» RECORDED INFORMATION:
■ ■ ■ ■ ■

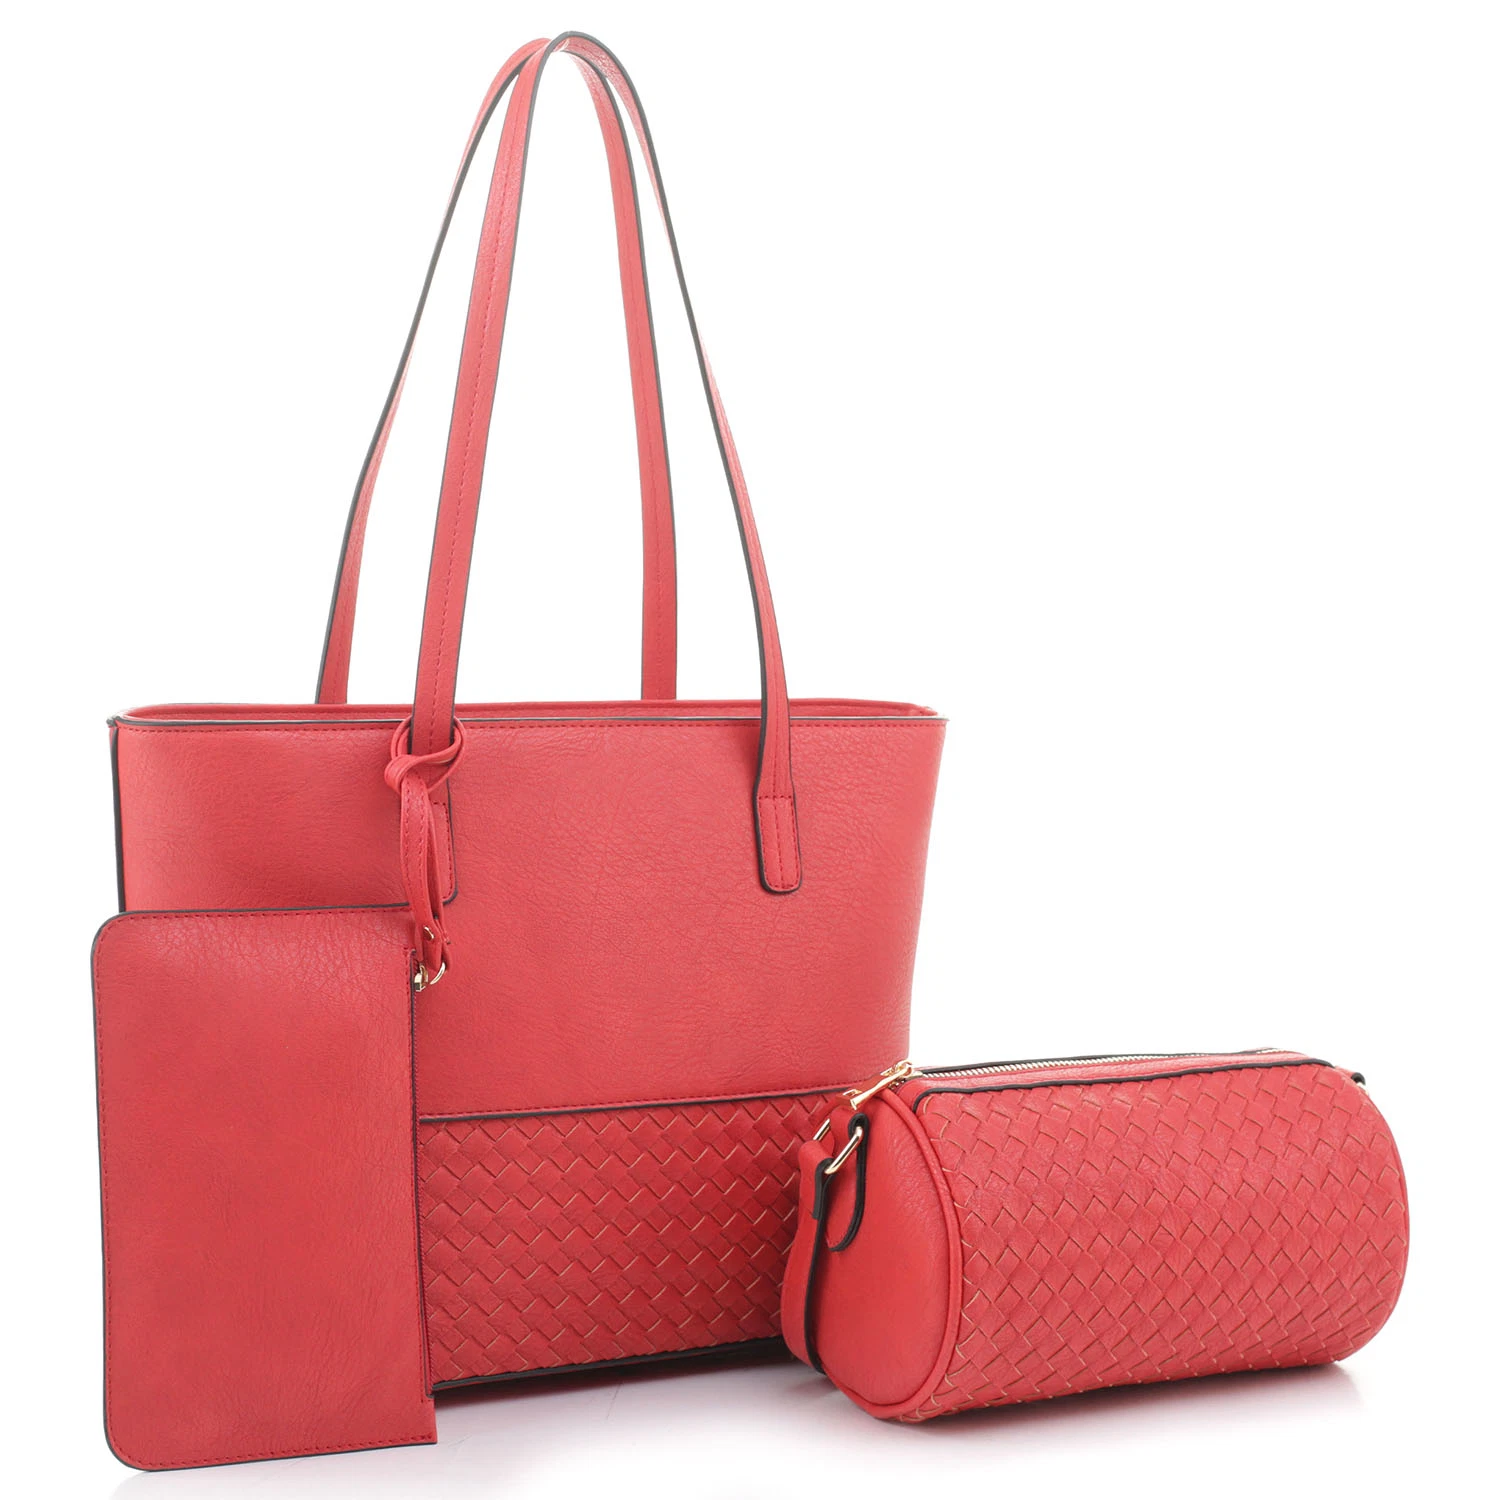 Lady Fashion PU Leather Woven 3-in-1 Shopper Set Handbag Women Tote Bag
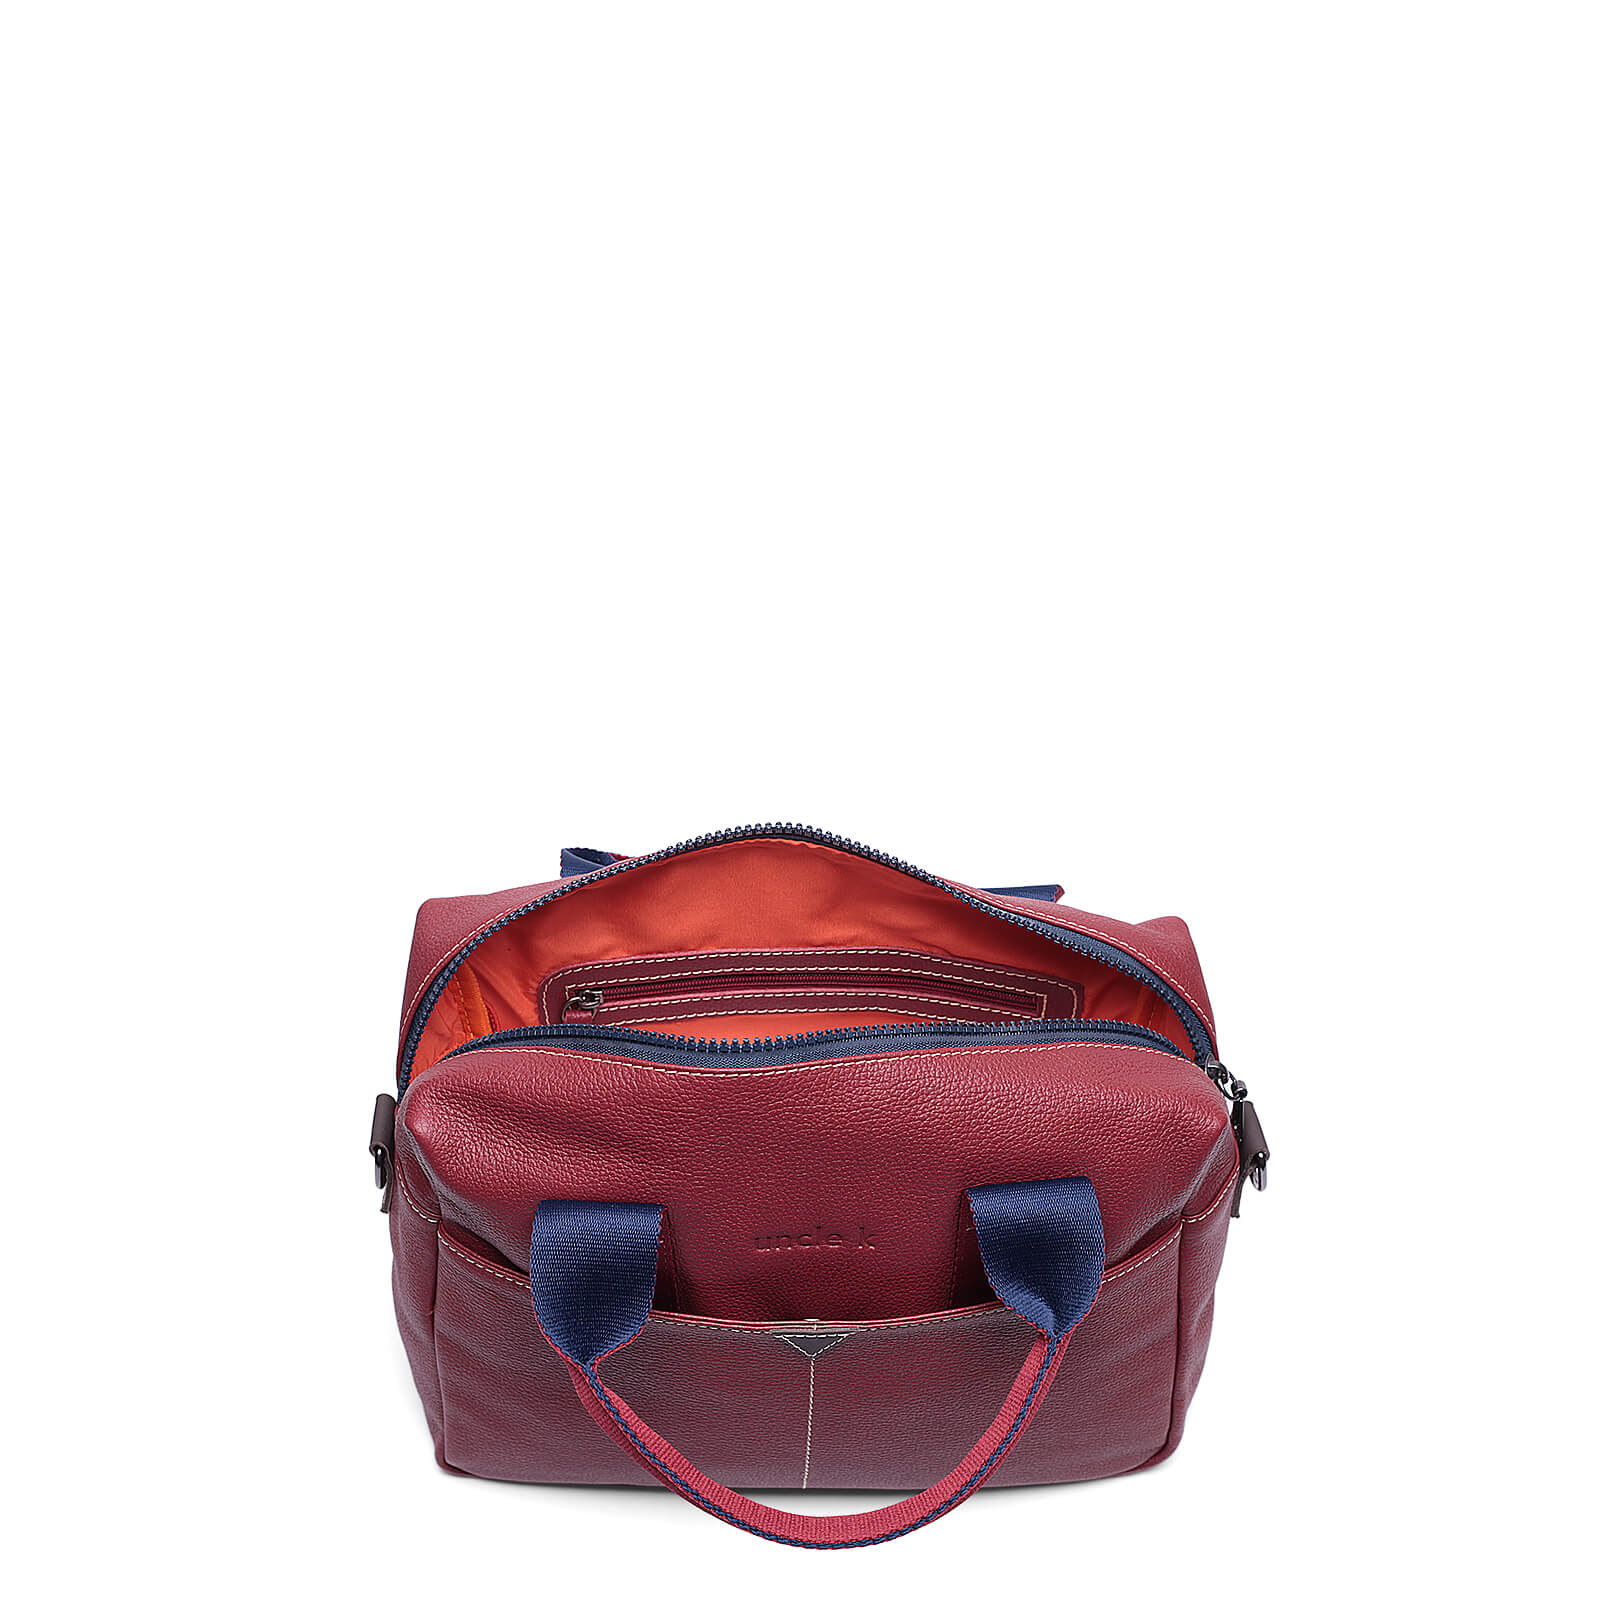 bolsa-multiuso-couro-61175-unclek-vermelho-4
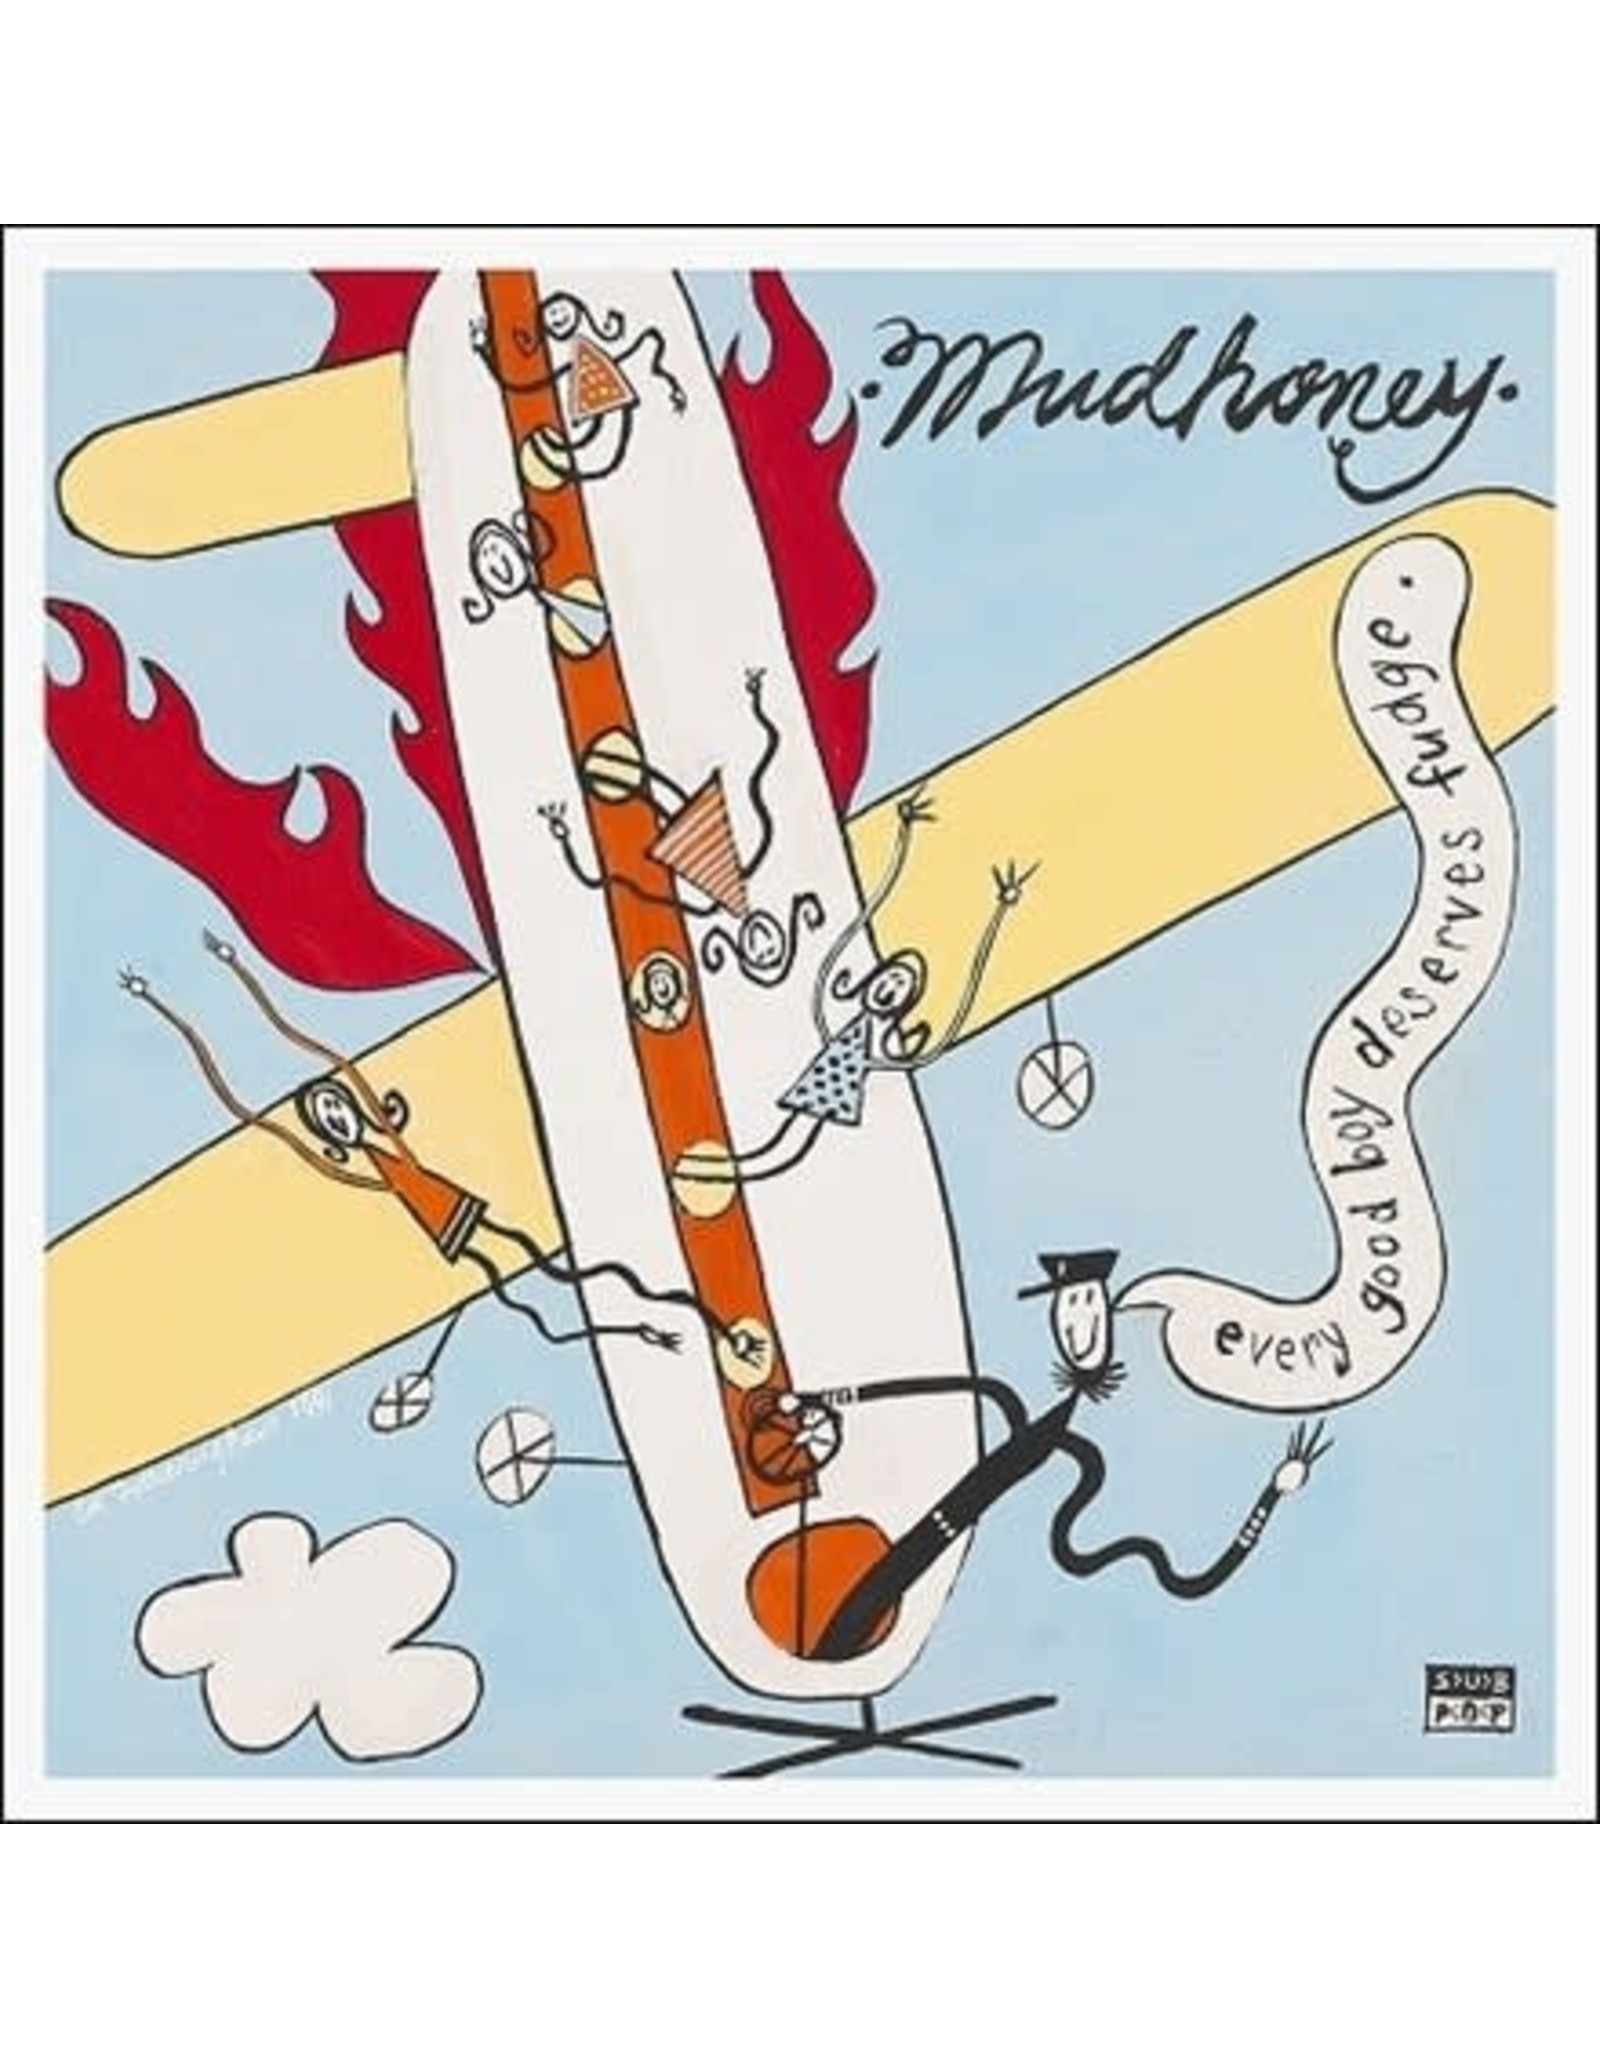 Sub Pop Mudhoney: Every Good Boy Deserves Fudge (2LP deluxe edition) LP

■ ■ ■ ■ ■

» WHAT THE TASK ASKS:
Could the material above be given again in full and exactly, with its pictures left out?

» OUTPUT OF THE TASK:
 Lady Fashion PU Leather Woven 3-in-1 Shopper Set Handbag Women Tote Bag
 bolsa-multiuso-couro-61175-unclek-vermelho-4
 Sub Pop Mudhoney: Every Good Boy Deserves Fudge (2LP deluxe edition) LP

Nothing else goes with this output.